Science Communication
News Article
BLOWN AWAY
Why are we recycling plastic in Lake Ontario?
By your local limnologist
Spring is in the air…but so is the plastic we’re trying to recycle.
You know that feeling this time of year. The buds are just starting to open, fresh green grass pushing though the soil soaked from melting snow and rain. The air smells clean. You walk along the lakefront path, listening to the waves roll in. And then…you notice it.
Plastic bags caught in tree branches along the creek. Sheets of wrapping imitating groundcover. Looking around, you see bottles, chip bags, coffee cups, lids, cling wrap—everywhere. In the creek itself, plastic stuck to rocks, pulsing with the current like it belongs there.
You keep walking toward the beach. Two swans drift near the shoreline, trying to find a place to land. But along the water’s edge the natural debris is riddled with bottle caps, floss picks, tampon applicators, cigarette butts, and fragments of plastic you can’t even identify anymore. Near the rock groyne, there’s a pocket of water collecting everything. Plastic just sits there, trapped. When the wind picks up, a white plastic bag lifts off the ground, twisting, tumbling, almost dancing as it gets carried down the shoreline. And that’s when it hits you. This isn’t random.
Grimsby is kind of an odd place when you think about it. We’re squeezed between two massive features—the Niagara Escarpment and Lake Ontario. And while it makes for beautiful scenery, it also shapes something we don’t always think about: our rampaging wind.
Here’s the thing. In the spring, the lake stays cold while the land warms up. That difference sets the air in motion. During the day, cooler air moves inland from the lake. At night, it flips, and the wind heads back toward the water. These daily wind shifts, called thermal breezes, can get pretty strong, especially this time of year. And when weather systems roll through? It gets even more intense. Cold air can settle at the base of the escarpment and push everything toward the lake.
Which explains something we all deal with on recycling day. You put everything out, hoping it stays where you left it. But by the next morning, you’re chasing bins down the street, picking up cardboard from your neighbour’s yard, watching plastic blow straight toward the lake. It’s become normal. But it shouldn’t be. Even when we try to do the right thing—bagging materials, tying things down—it’s not always enough. These winds don’t care. They pick things up and take them for a joyride around the neighbourhood. And just because plastic has left your curb, it doesn’t disappear. It sticks around. For a very, very long time.

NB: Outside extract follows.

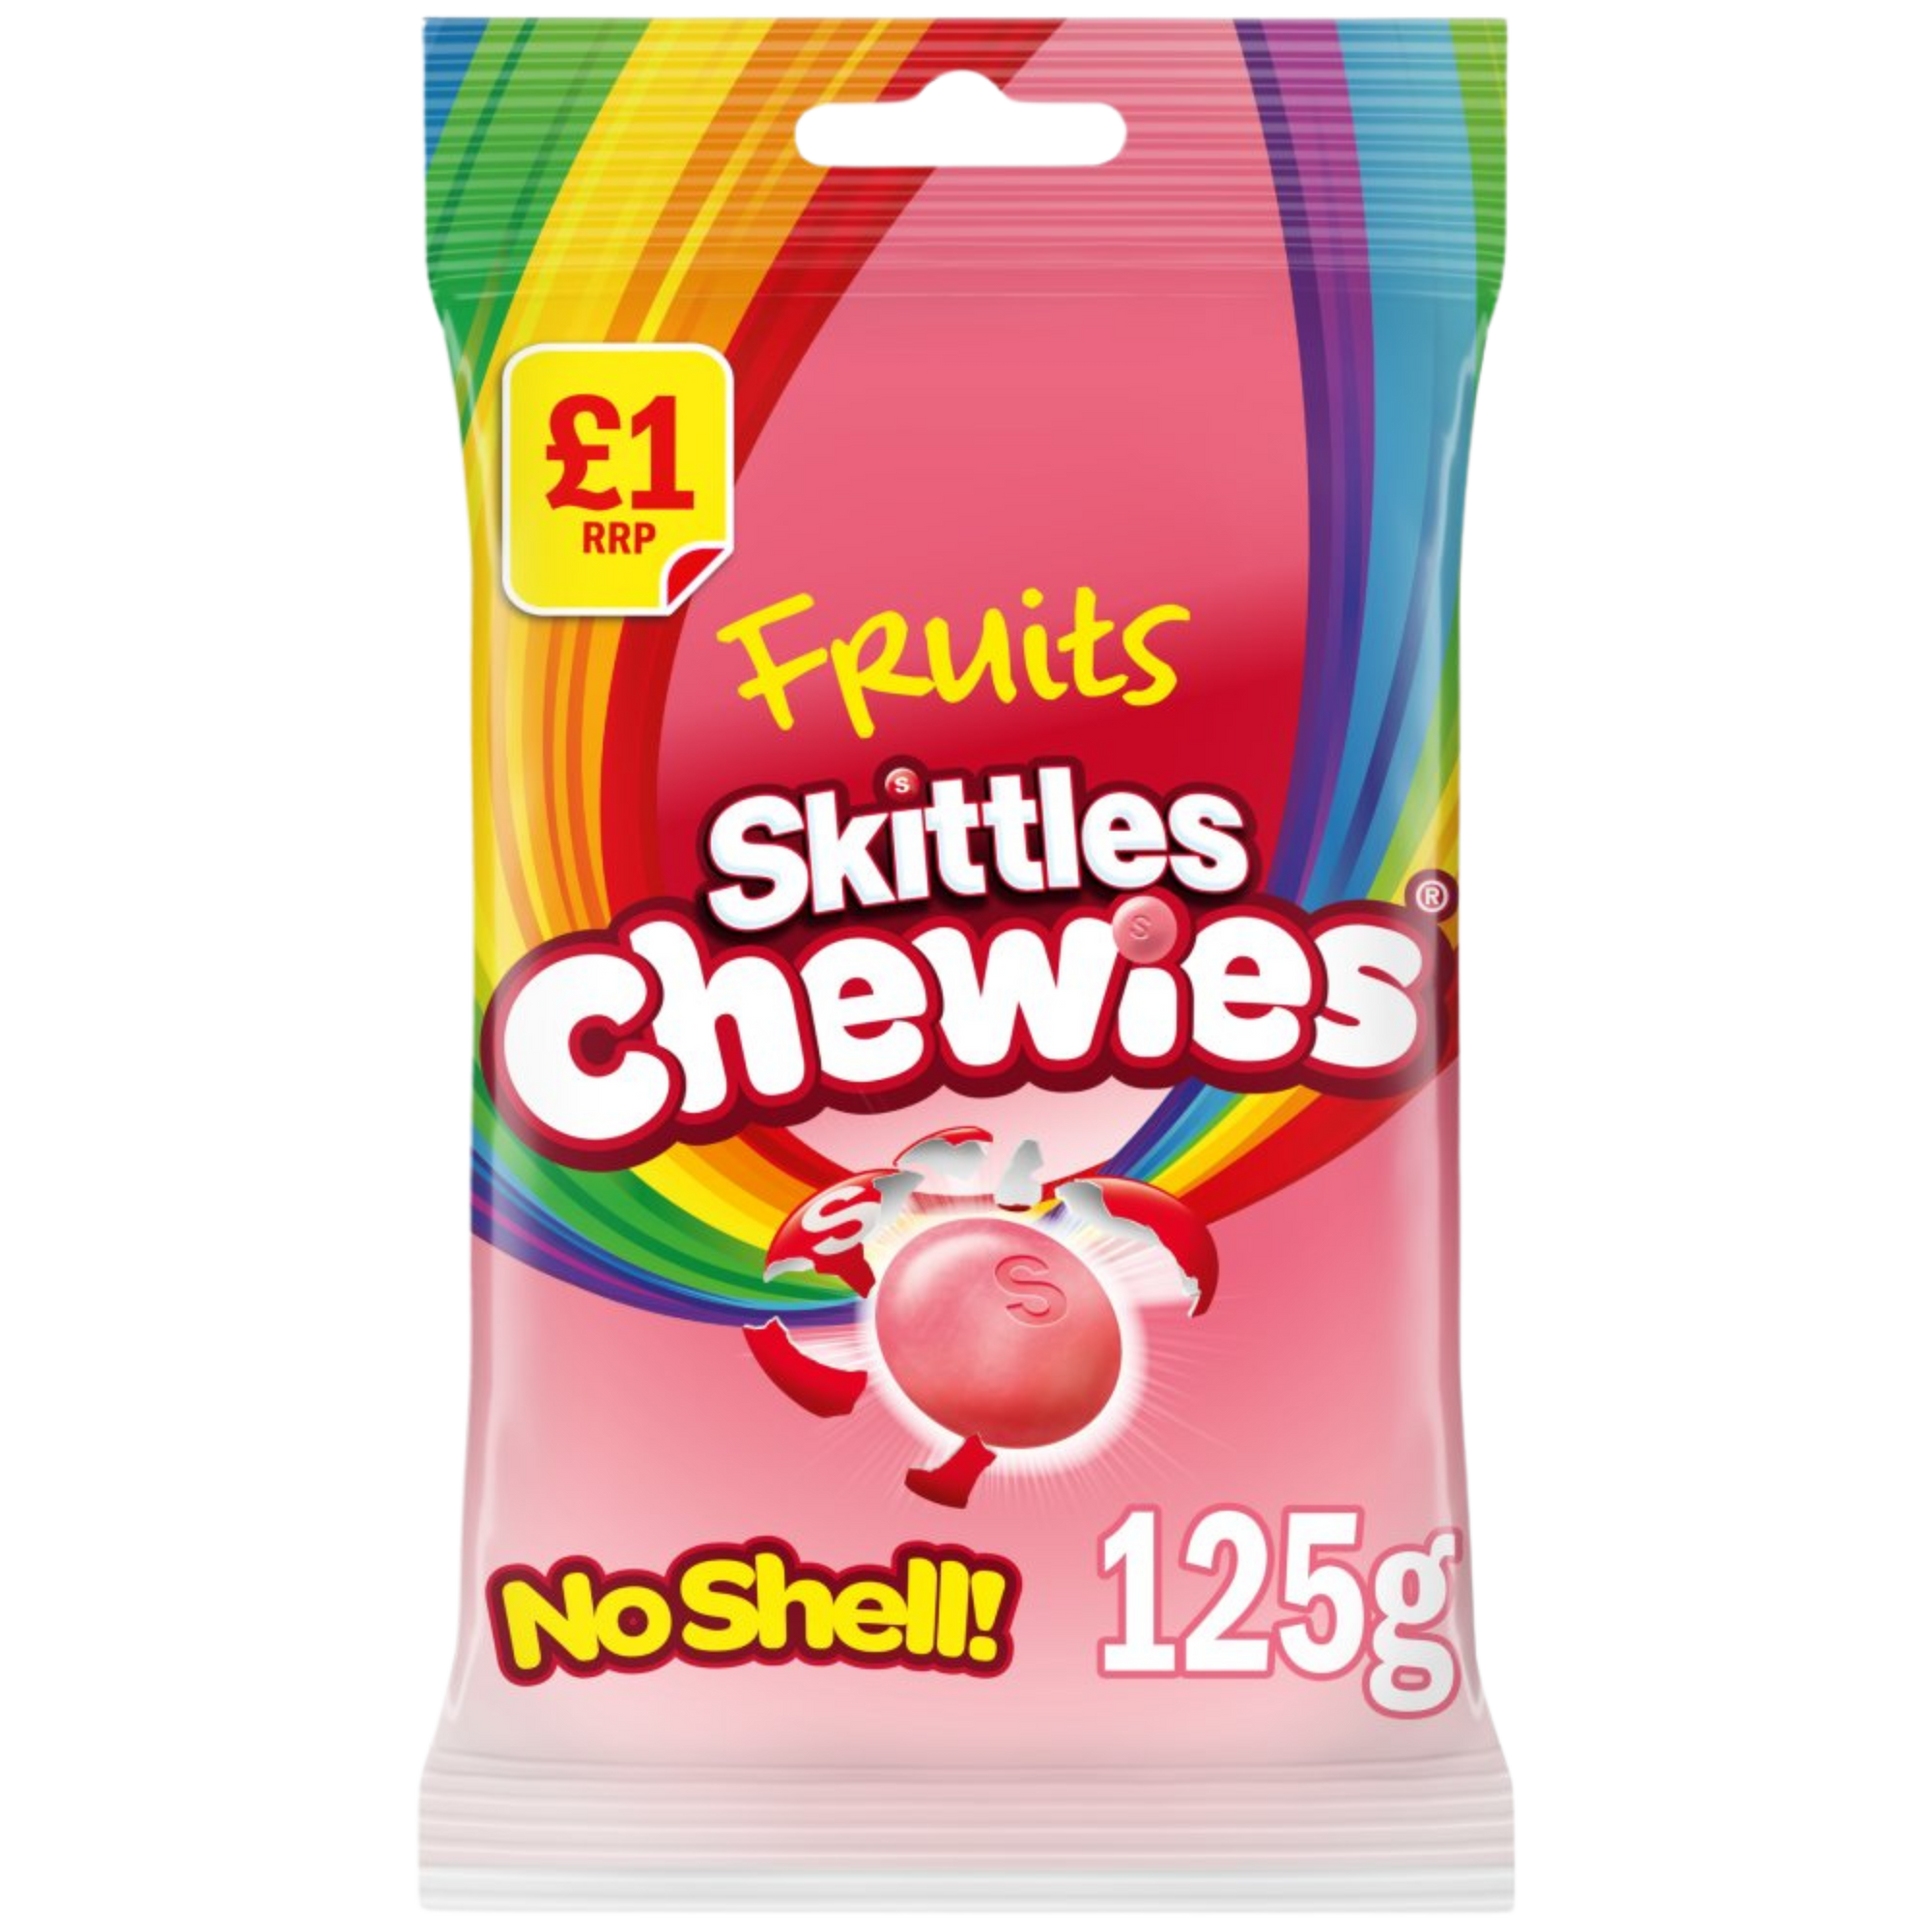 Skittles Chewies Vegan Sweets Fruit Treat Bag 125g - Nammi.net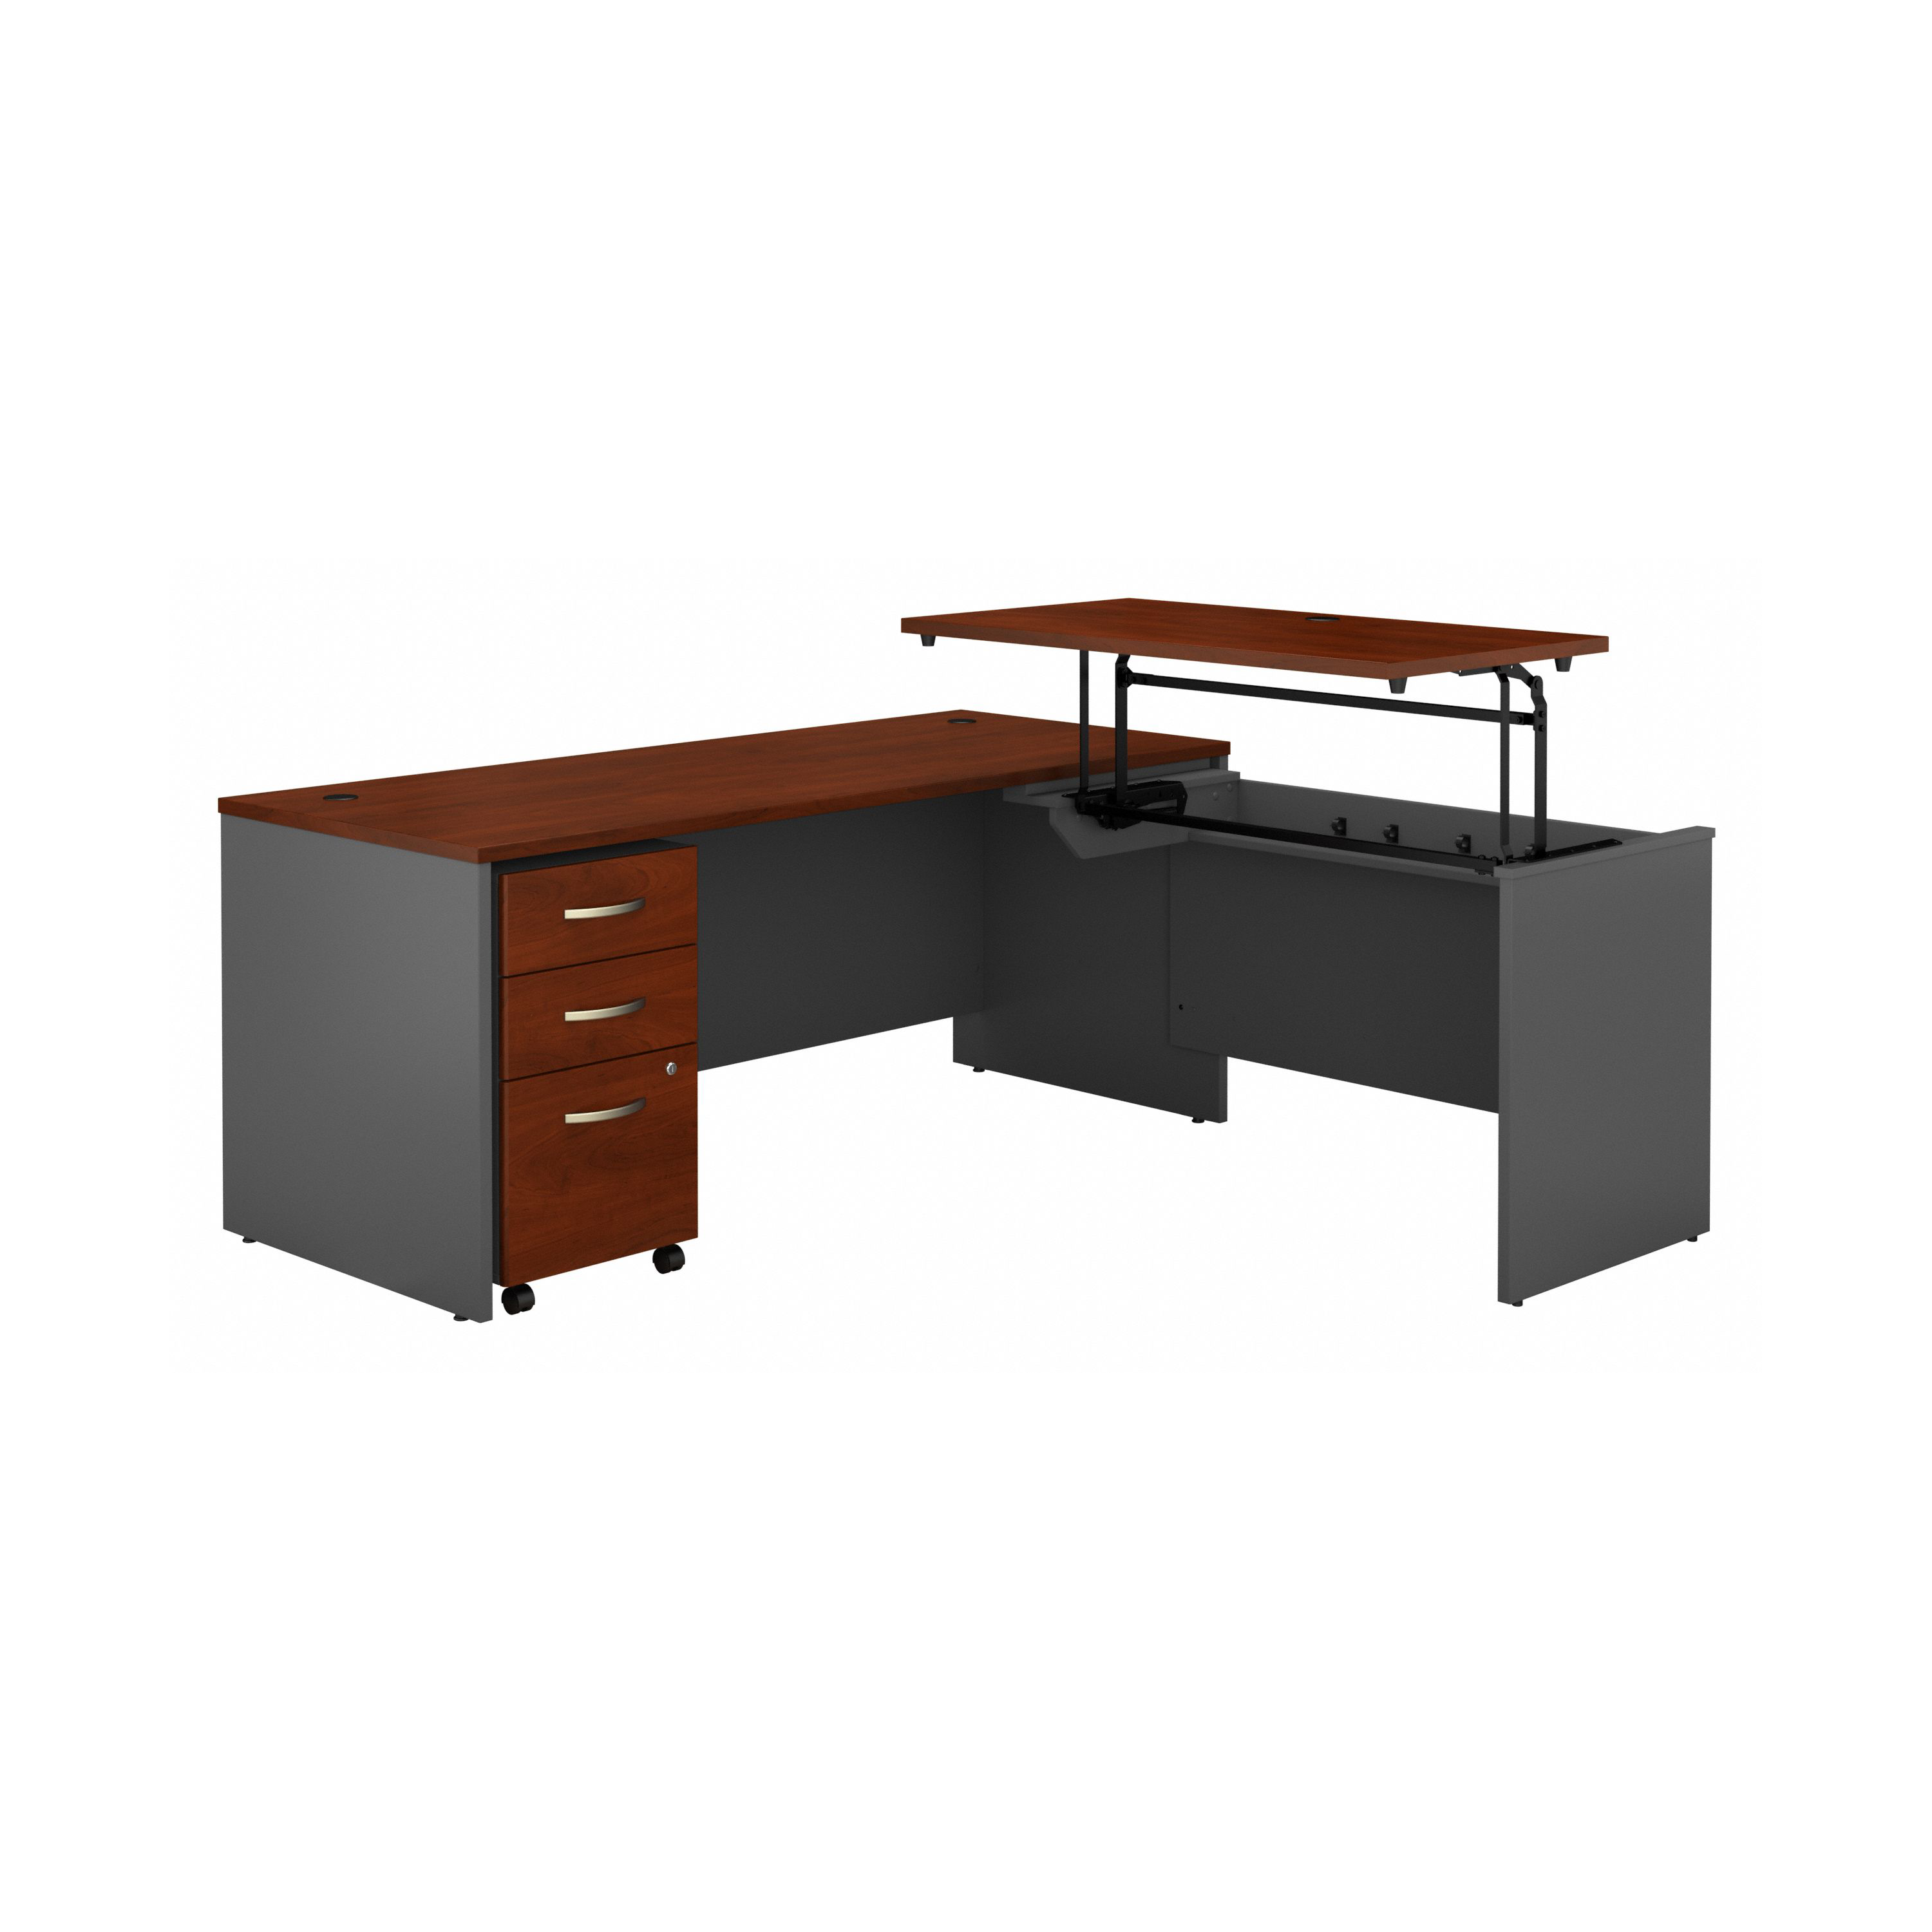 Shop Bush Business Furniture Series C 72W x 30D 3 Position Sit to Stand L Shaped Desk with Mobile File Cabinet 02 SRC125HCSU #color_hansen cherry/graphite gray

Here’s the part that really matters. Those larger plastic items, what scientists call macroplastics, often get caught in vegetation, creeks, and along the shoreline. But they don’t stay whole forever. Over time, they break down into smaller and smaller pieces called microplastics. These are tiny, less than five millimetres, and they’re now everywhere.
According to the International Joint Commission, plastic pollution in the Great Lakes includes everything from bags and bottles to fibres and microbeads, many of which eventually break down into these persistent microplastics. They’re small, they move easily, and once they’re out there, they’re incredibly hard to remove. And it doesn’t stop in the environment. Microplastics have now been found in the human body. They can get in through the food we eat, the air we breathe, even through everyday contact. Researchers have detected them in blood, lungs, the liver—even the placenta. We’re still learning what that means for long-term health, but scientists are concerned. And for good reason.
Because what starts as a plastic bag in a tree doesn’t stay there. It breaks apart. It spreads. It becomes part of something much bigger. And as plastics break down, they can release chemicals that interact with water, wildlife, and ecosystems in ways we’re only beginning to understand. The connection is direct. What escapes from our recycling bins often end up in our lake.
Now here’s the important part. This isn’t about pointing fingers at individual people. Honestly, it’s bigger than that. Yes, we can all do our part. But the reality is, this problem is being shaped by something much larger: our geography, our weather, and a waste recovery system that doesn’t fully account for either. We live in a place where strong, predictable winds are just part of life. And yet, our recycling systems aren’t designed with that in mind. That’s a gap. And it’s one we can fix.
The International Joint Commission has been clear: we need to properly manage plastics so they don’t enter the environment in the first place, and that takes more than just good intentions; it takes coordination, policy, and education. As our community grows, especially along the lakeshore, this issue is only going to get worse if we don’t address it now.
We need practical, locally informed solutions. Things like better containment, improved systems, and approaches that actually reflect the reality of living beside a big lake with strong winds. At the same time, there’s still a role for all of us. The small choices matter. How we secure our recycling. How we think about waste. How we talk about these issues with each other. Because this isn’t just about litter. It’s about our lake. Our environment. And, ultimately, our own health.
And that’s something worth caring about.